### [PROVIDED MATERIAL]
───
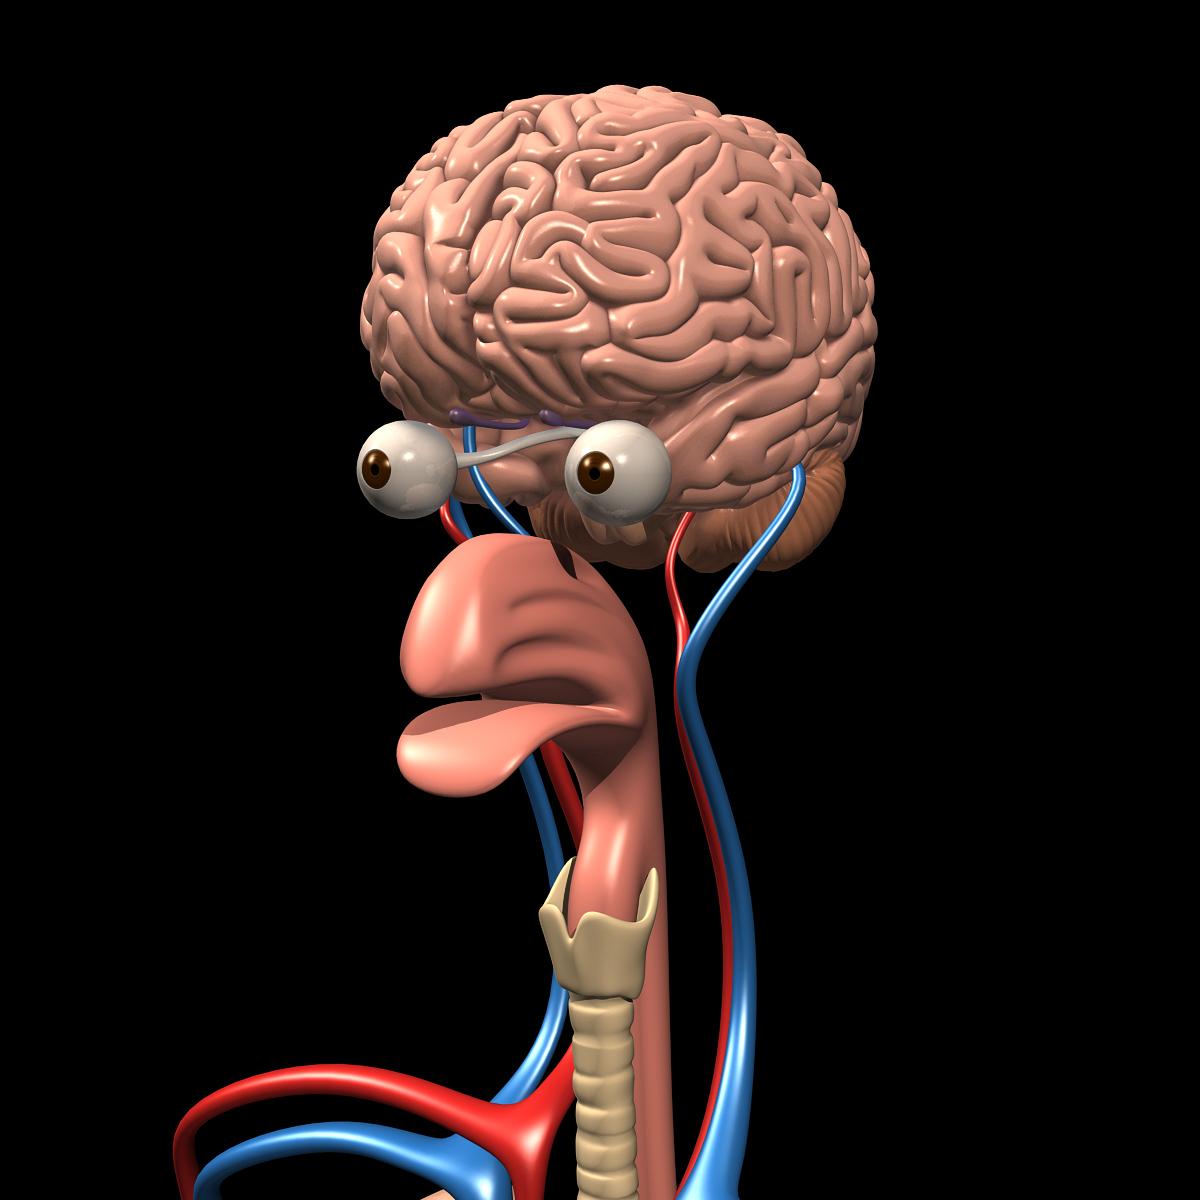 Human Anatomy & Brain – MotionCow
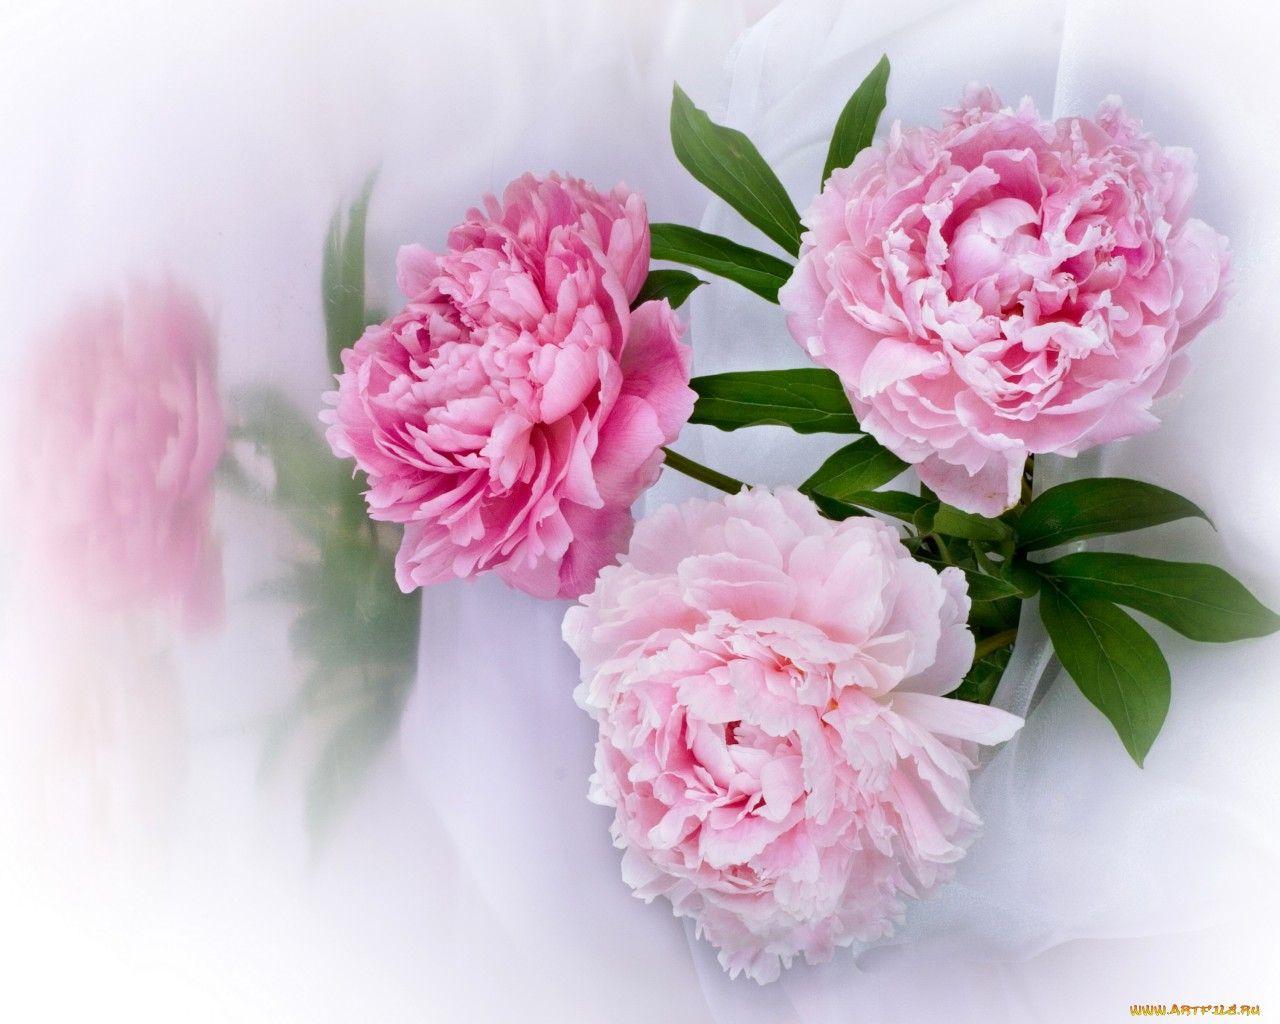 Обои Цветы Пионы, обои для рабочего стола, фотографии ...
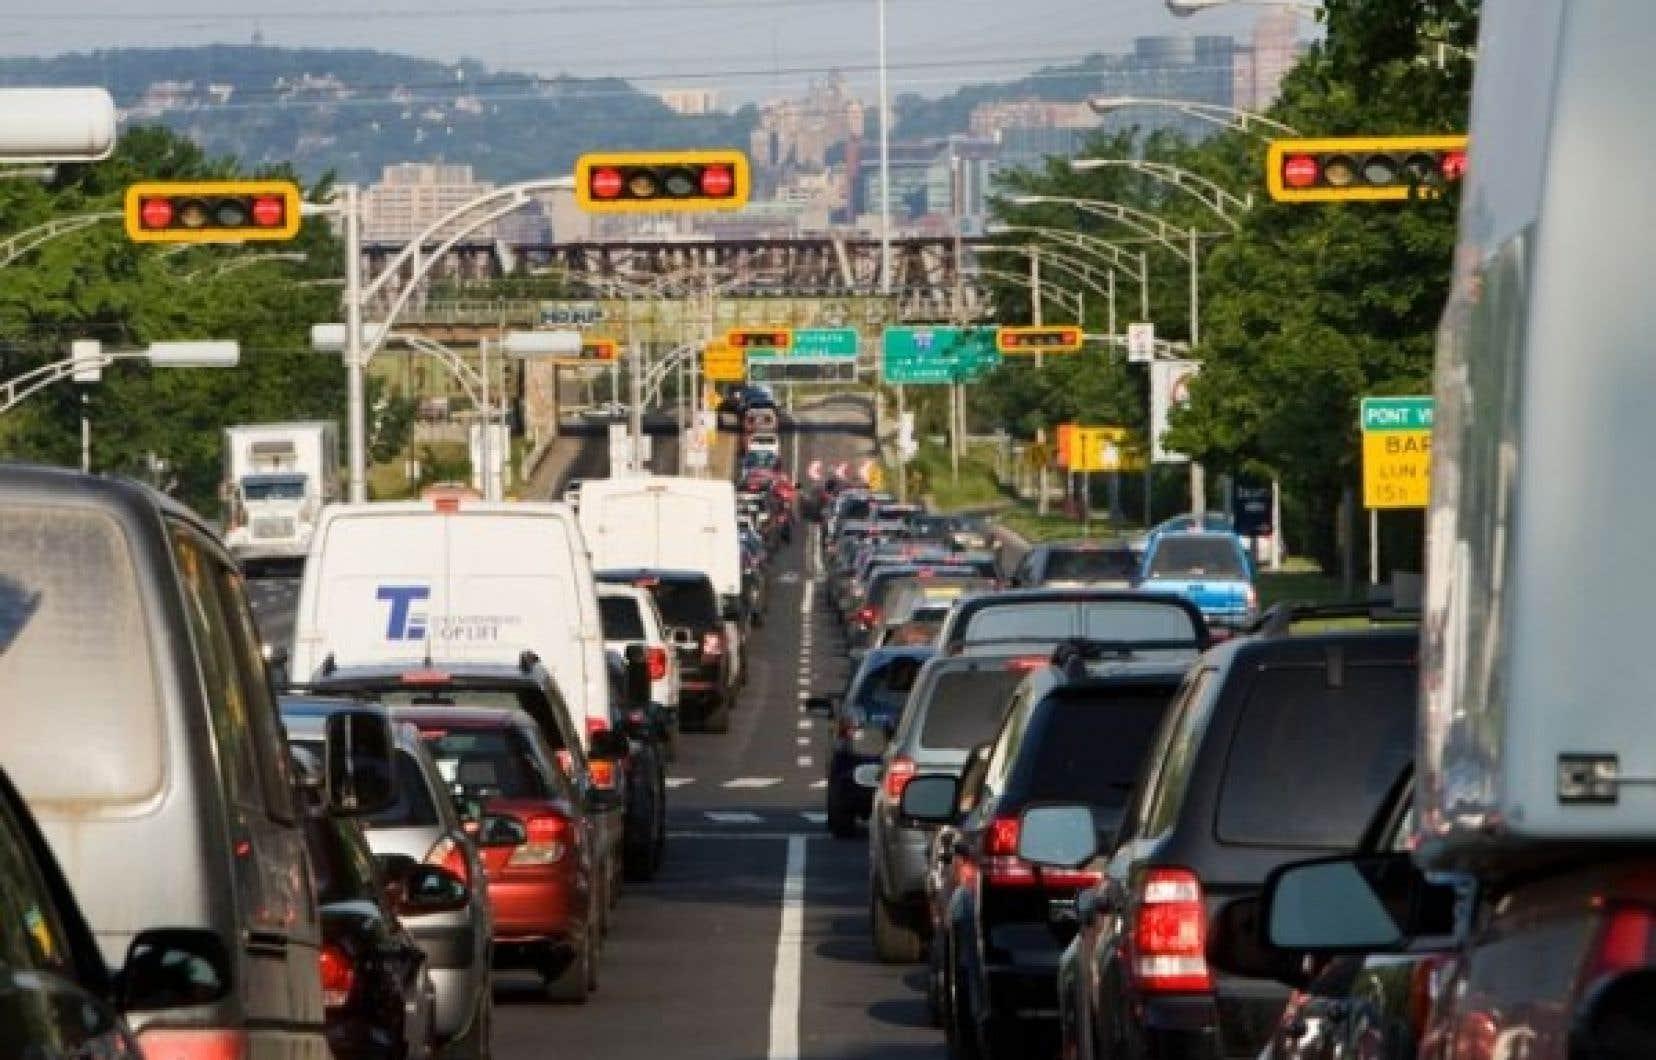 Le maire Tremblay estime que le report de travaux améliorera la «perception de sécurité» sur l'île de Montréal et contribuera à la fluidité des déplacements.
───
Output the lines above in full and exactly as given, omitting any pictures.

### [TASK RESULT]
 Human Anatomy & Brain – MotionCow
 Обои Цветы Пионы, обои для рабочего стола, фотографии ...
 Le maire Tremblay estime que le report de travaux améliorera la «perception de sécurité» sur l'île de Montréal et contribuera à la fluidité des déplacements.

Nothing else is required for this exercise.